For me, the redux architecture has been a game changer in how I write UI programs. All the common problems surrounding observability, which is so important for good UX, are neatly solved without signal spaghetti or having to trap the user in modal dialogs.
For the past two years, we have been working on writing a whole suite of applications in C# and WPF, and most programs in that suite now use a redux-style architecture. We had to overcome a few problems adapting the architecture and our coding style to the platform, but I think it was well worth it.
We opted to use Odonno’s ReduxSimple to organize our state. It’s a nice little library, but it alone does not enable you to write UI apps just yet.
Unidirectional UI in a stateful world
WPF, like most desktop UI toolkits, is a stateful framework. The preferred way to supply it with data is via two-way data binding and custom view-model objects. In order to make WPF suitable for unidirectional UI, you need something like a “controlled mode” for the WPF controls. In that mode, data coming from the application is just displayed and not modified without a round-trip through the application state. This is directly opposing conventional data-binding, which tries to hide the direction of the data-flow.
In other words: we need WPF to call a function when the user changes a value in an input control, but not when we are updating the value from our application state. Since we have control when we are writing to the components, we added a simple “filter” that intercepts our change event handlers in that case. After some evolution of these concepts, we now have this neatly abstracted in a couple of tool functions like this:
public UIDuplexBinder BindInput(TextBox textBox, IObservable<string> observable, Func<string, object> actionCreator)
{
// ...
}
This updates the TextBox
whenever new values are coming in on the IObservable
, and when we are not changing the value via that observable, it calls the given action creator and dispatches the action to the store. We have such helper functions for most of our input controls, and similar functions for passive elements like TextBlock
s and to show/hide things.
Since this is relatively straight-forward code, we are skipping MVVM and doing this binding directly in the code behind. When our binder functions are not sufficient, which sometimes do more complex updating in view models.
Immutable data
In a Redux-style architecture, observability comes from lightweight diffing, which in turn comes from immutable data updates in your reducers.
System.Collection.Immutable
is great for updating the collections in your reducers in a non-mutable way. But their Equals
implementation does not behave value-like, which is needed in this case. So in the types that use collections, we use an extension method called LazyEquals
that ||
s Object.ReferenceEquals
and Linq.Enumerable.SequenceEqual
.
For the non-collection data, C#9’s record types and with
expressions are great. Before switching to .NET 5 earlier this year, we used a utility function from Converto, a companion library of ReduxSimple, that implements a .With
via reflection and anonymous types. However, that function silently no-ops when you get the member name wrong in the anonymous type. So we had to write a lot of stupidly simple unit-tests to make sure that no typos slipped through, and our code would survive “rename” refactorings. The new with
expressions offload this responsibility to the compiler, which works even better. Nothing wrong with lots of tests, of course.
Next steps
With all this, writing Redux style WPF programs has become a breeze. But one sore spot remains: We still have to supply custom Equals
implementations whenever our State types contain a collection. Even when they do not, the generated Equals
for records does not early-out via a ReferenceEquals
, which can make a Redux-style architecture slower.

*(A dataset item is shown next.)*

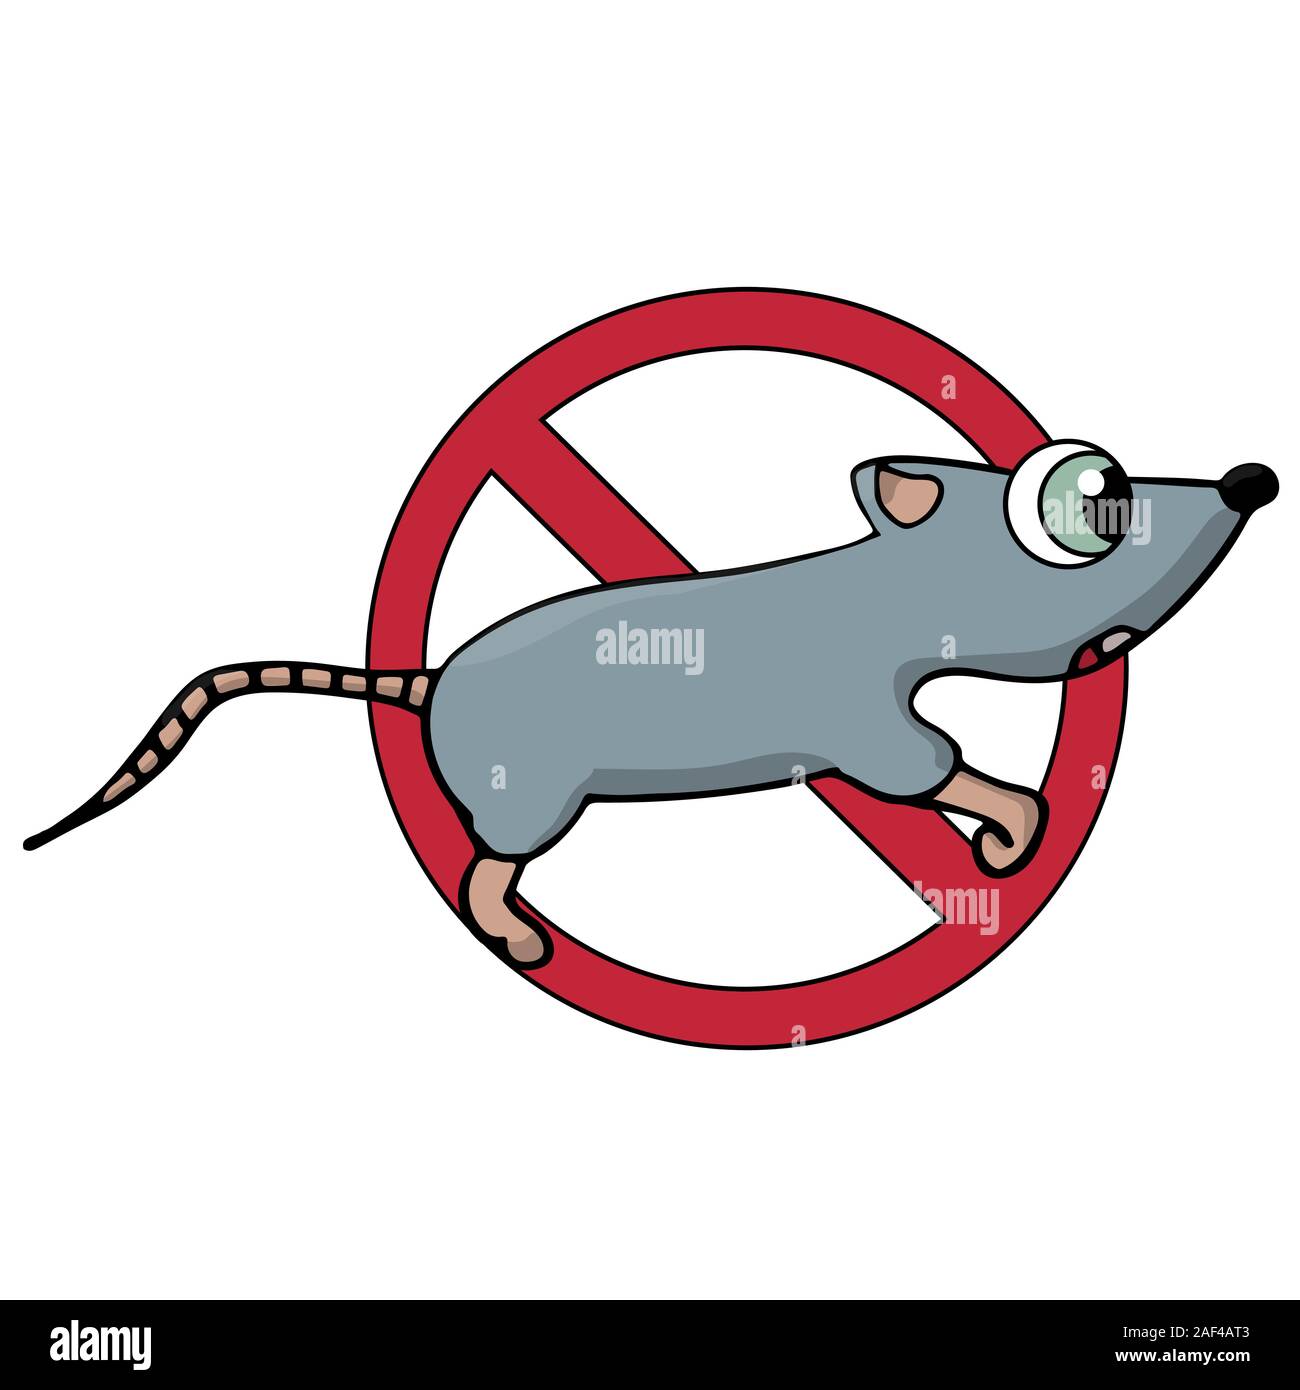 anti pests sign. rodent control. no mouse, rat. isolated stock vector illustration Stock Vector

This is error prone and cumbersome, so we are currently debating whether this warrants changing C#’s defaults via something like Undefault.NET so the generated Equals
for records all do value-like comparison with ReferenceEquals
early-outs. Of course, doing something like that is firmly in danger-zone, but maybe the benefits outweigh the risks in this case? This would sure eliminate lots of custom Equals
implementations for the price of a subtle, yet somewhat intuitive behavior change. What do you think?
Hi would you mind sharing a project template with all the stuff you discussed here. I would appreciate it.
Hey there! I can do that, but it’ll take some time to extract. But we’re already using it in a few projects now, so it might actually be a good investment now.